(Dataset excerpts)
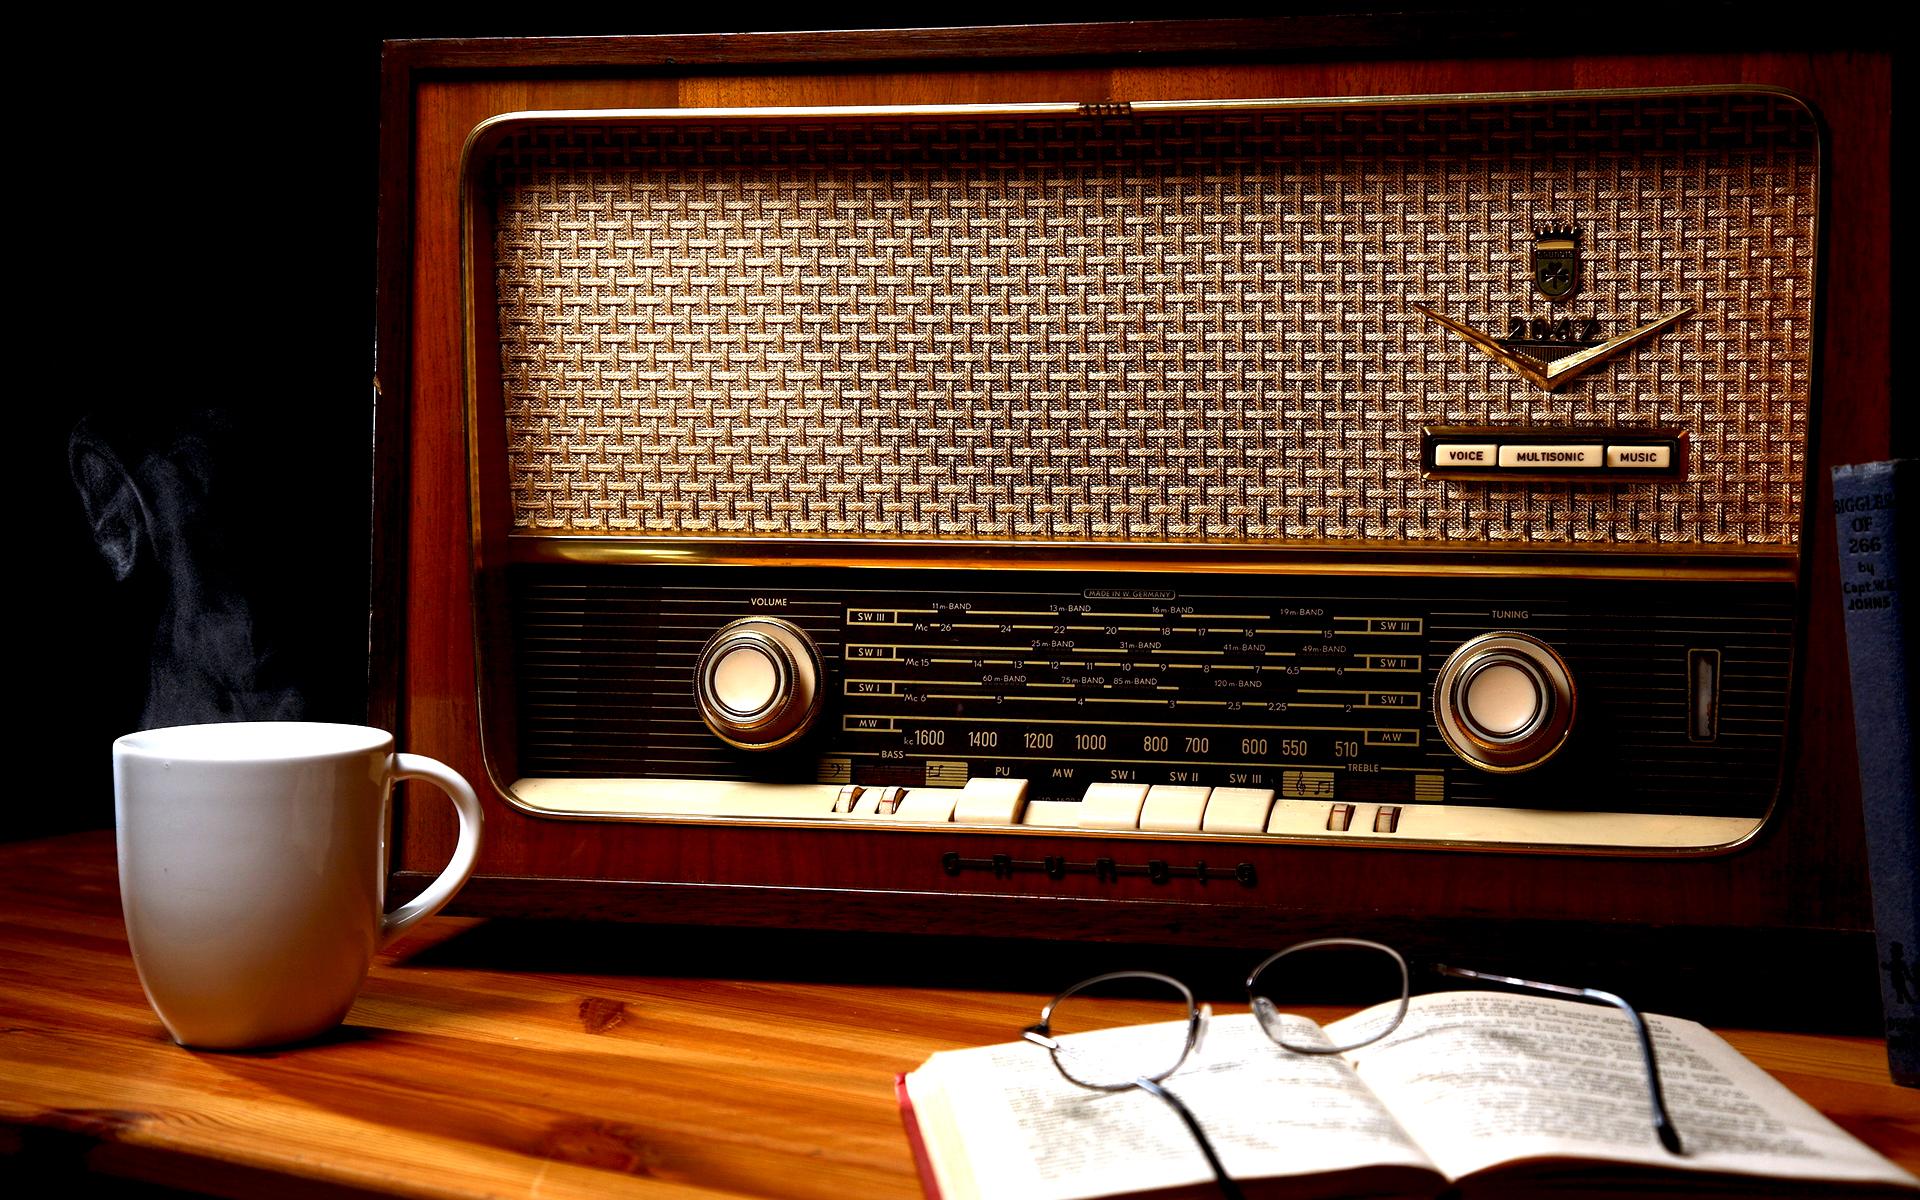 رادیو را بیشتر بشناسیم/ برنامه های رادیو برای روز تاسیس رادیو
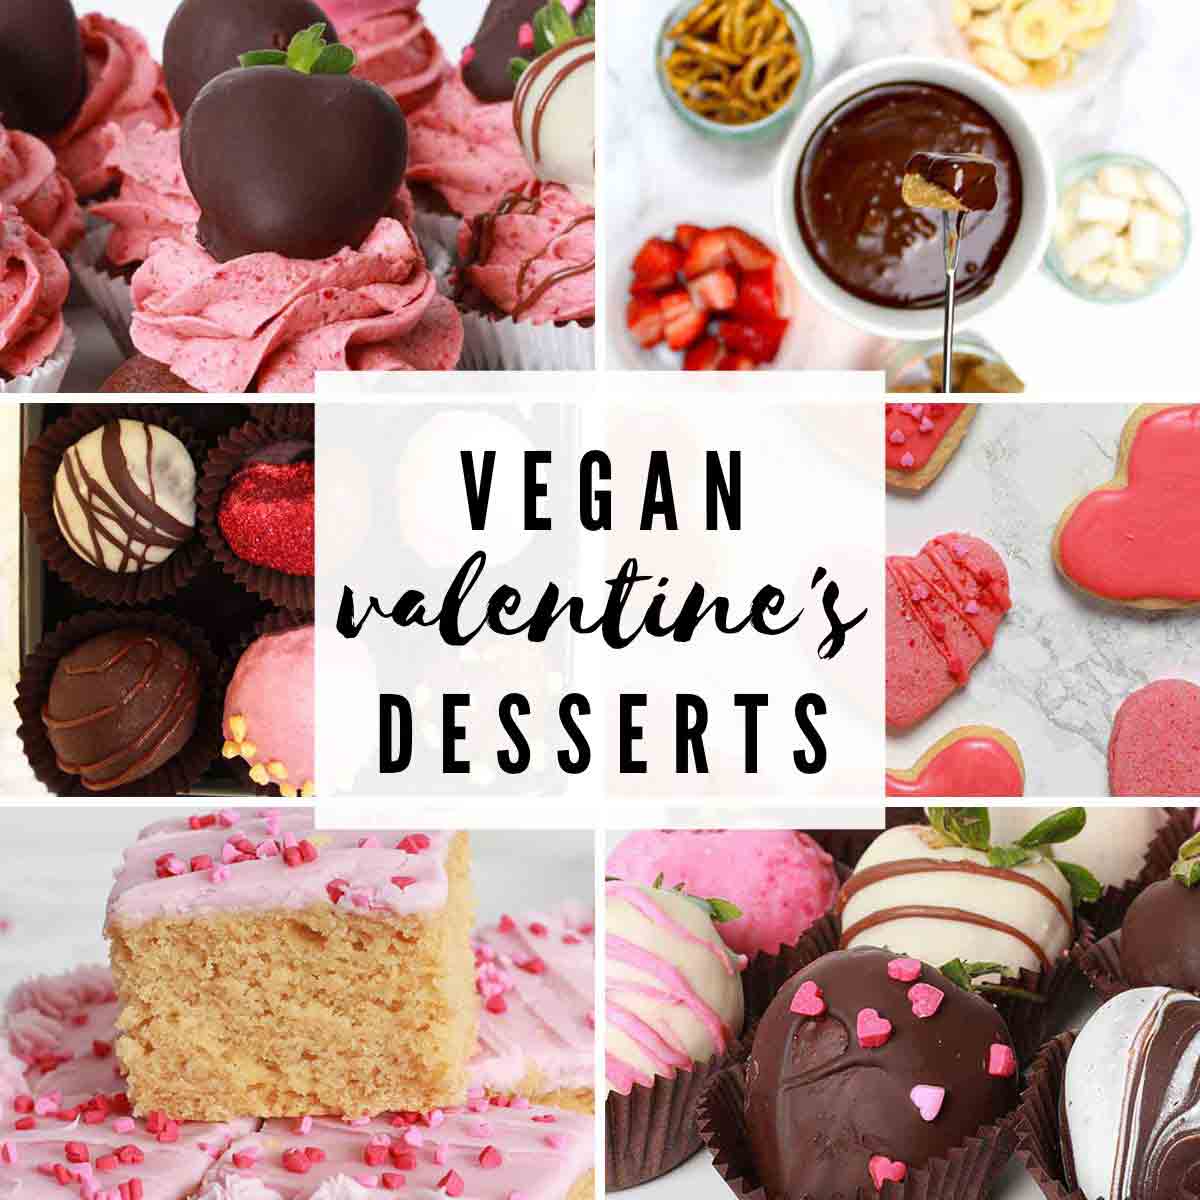 6 Images Of Vegan Valentines Desserts
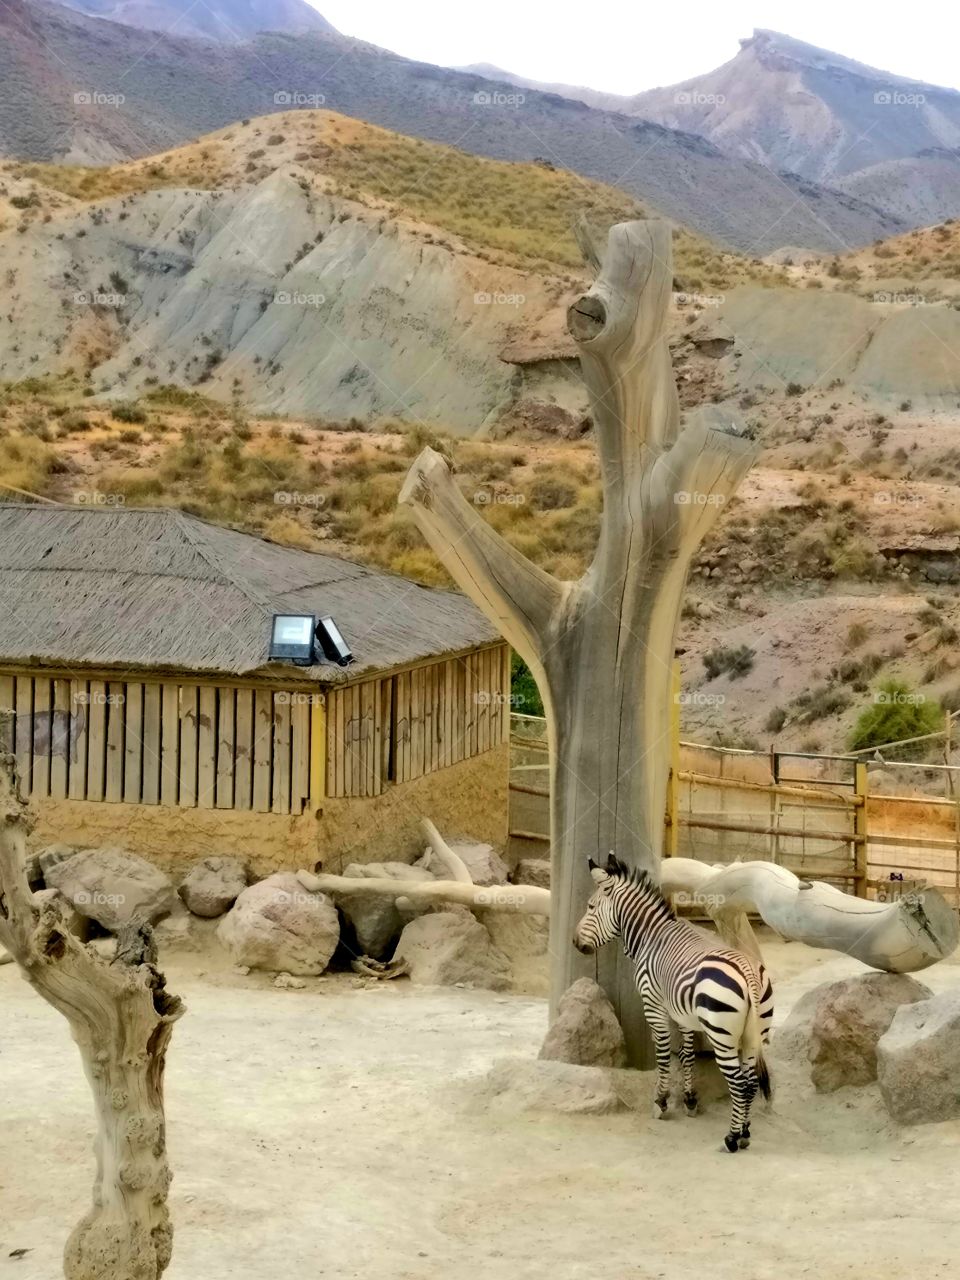 Zebra in the Desert of Taberna
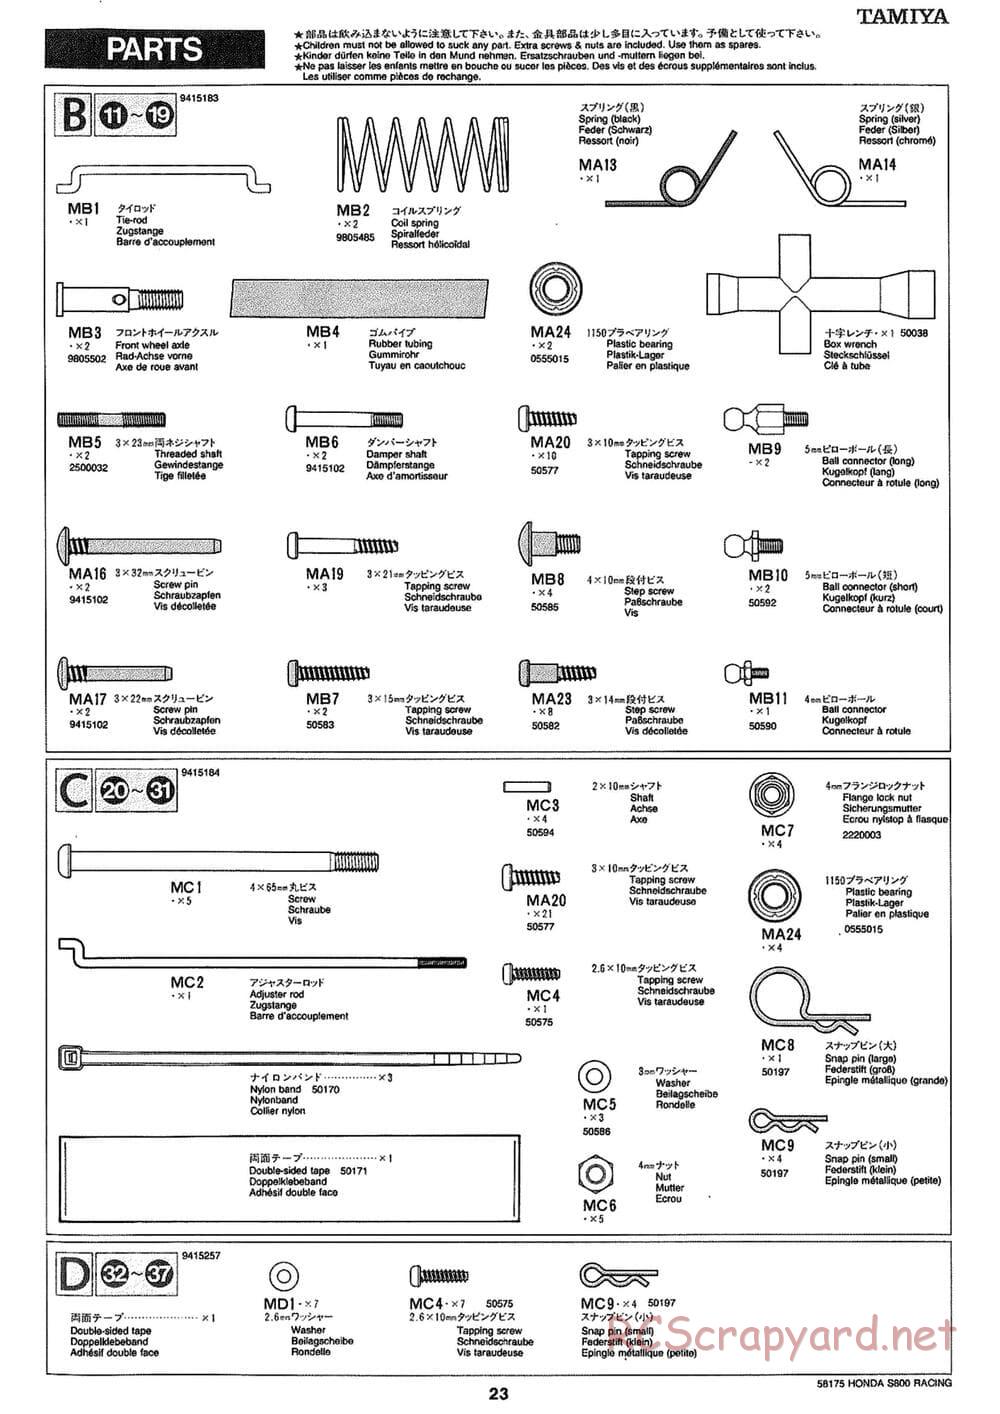 Tamiya - Honda S800 Racing - M02 Chassis - Manual - Page 23
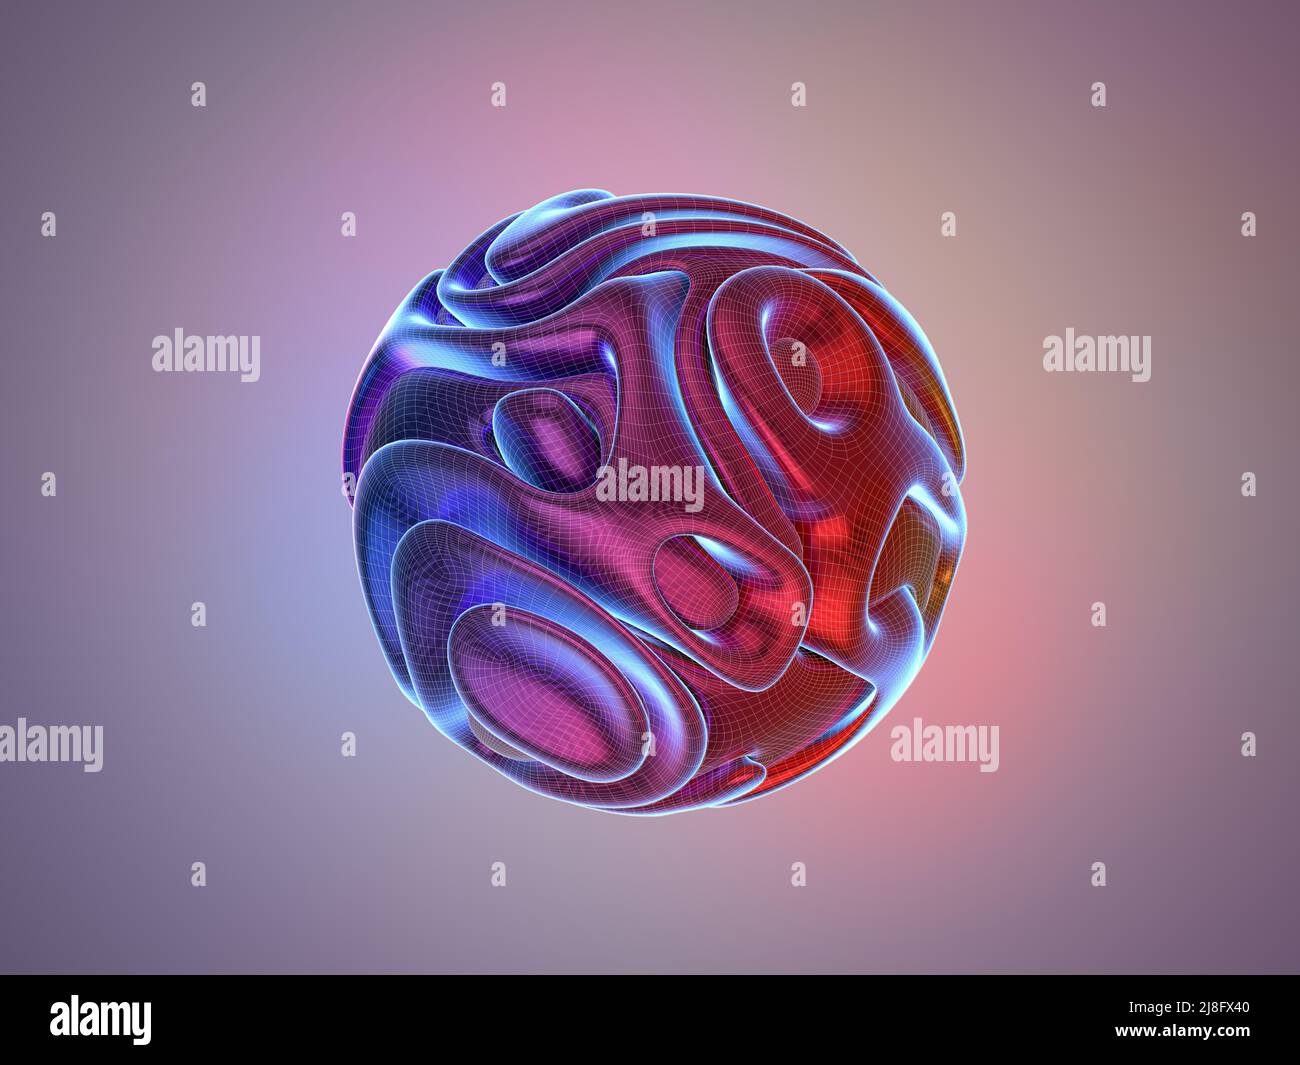 3D rappresentazione di sfera estetica astratta d'arte con parte di forme volate aliene in curve sferiche ondulate e torsioni in materiale metallico opaco lucido in rosso Foto Stock

▶ Instructions for the task:
Lines from the one with "Zebra in the Desert of Taberna" through the final line of the records are the whole answer; print them exactly, minus any pictures.

▶ Exercise solution:
 Zebra in the Desert of Taberna
 Tamiya - Honda S800 Racing - M02 Chassis - Manual - Page 23
 3D rappresentazione di sfera estetica astratta d'arte con parte di forme volate aliene in curve sferiche ondulate e torsioni in materiale metallico opaco lucido in rosso Foto Stock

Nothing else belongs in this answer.